Martha Nussbaum sieht eine existenzielle Krise der konservativen Partei. Deren künftige Ausrichtung entscheide auch darüber, ob es Biden gelingt, das Land wieder zu einen.

Donald Trump ist zurück in den Schlagzeilen, keine volle Woche nach dem Ende seiner Präsidentschaft dominiert er wieder die politische Debatte in den USA. Das Abgeordnetenhaus überreichte am Montag dem Senat eine Anklageschrift gegen den Ex-Präsidenten – zum zweiten Mal innerhalb eines Jahres wird Trump ein politischer Prozess gemacht.

Anstiftung zur Aufruhr lautet der Vorwurf. Trump soll für seine Rolle bei der Erstürmung des Kapitols am 6. Januar durch rechte Randalierer zur Verantwortung gezogen werden.

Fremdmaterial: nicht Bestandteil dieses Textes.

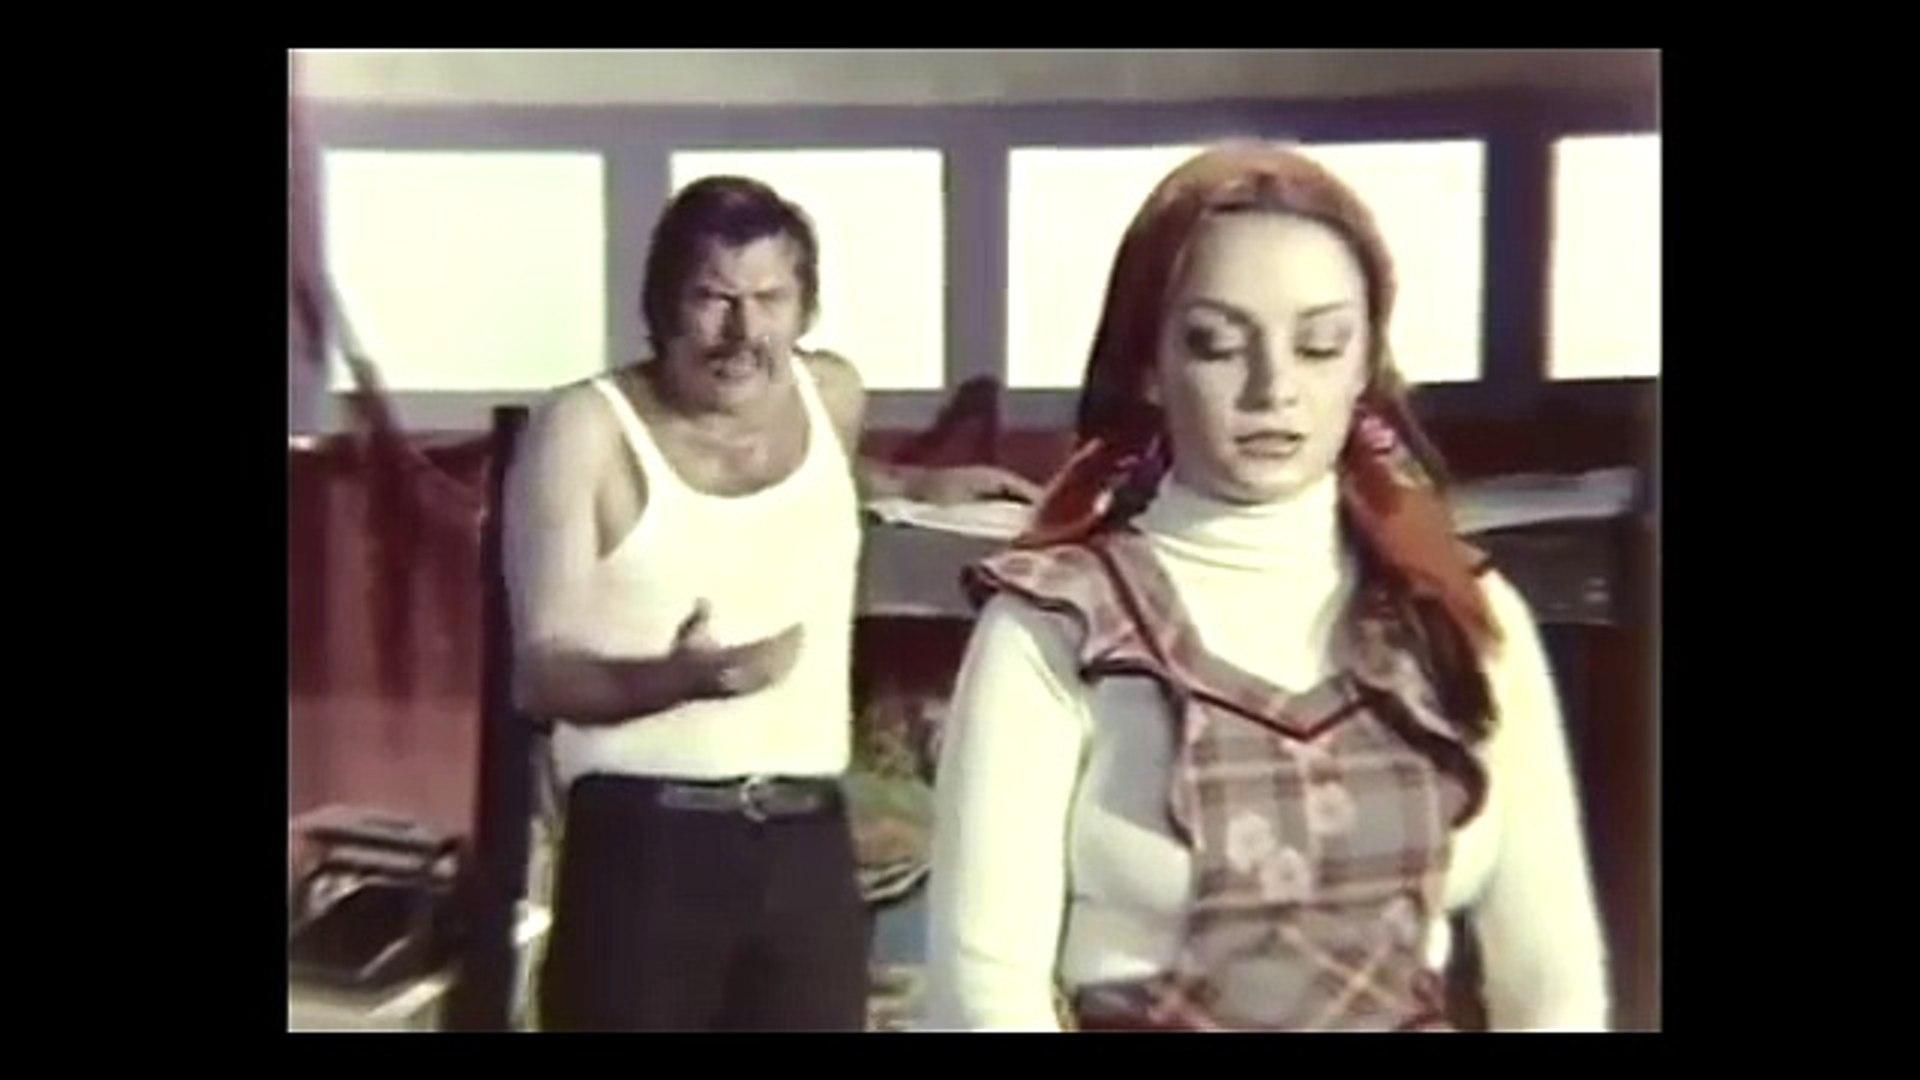 Tamer yiğit - Arzu Okay - Tepedeki Ev (1976)

Wohin also steuern die USA? Es lohnt sich, darüber mit Experten zu sprechen, die einen anderen Blick auf die Dinge haben als die Politiker, die Amerikas ideologische Grabenkämpfe seit Jahrzehnten ausfechten. Kaum jemand hat sich mit den Gründen für die Spaltung der USA so kenntnisreich auseinandergesetzt wie die Philosophin Martha Nussbaum. Für ihre Arbeit wurde sie mit dem Kyoto-Preis geehrt, dem „Nobelpreis der Philosophie“.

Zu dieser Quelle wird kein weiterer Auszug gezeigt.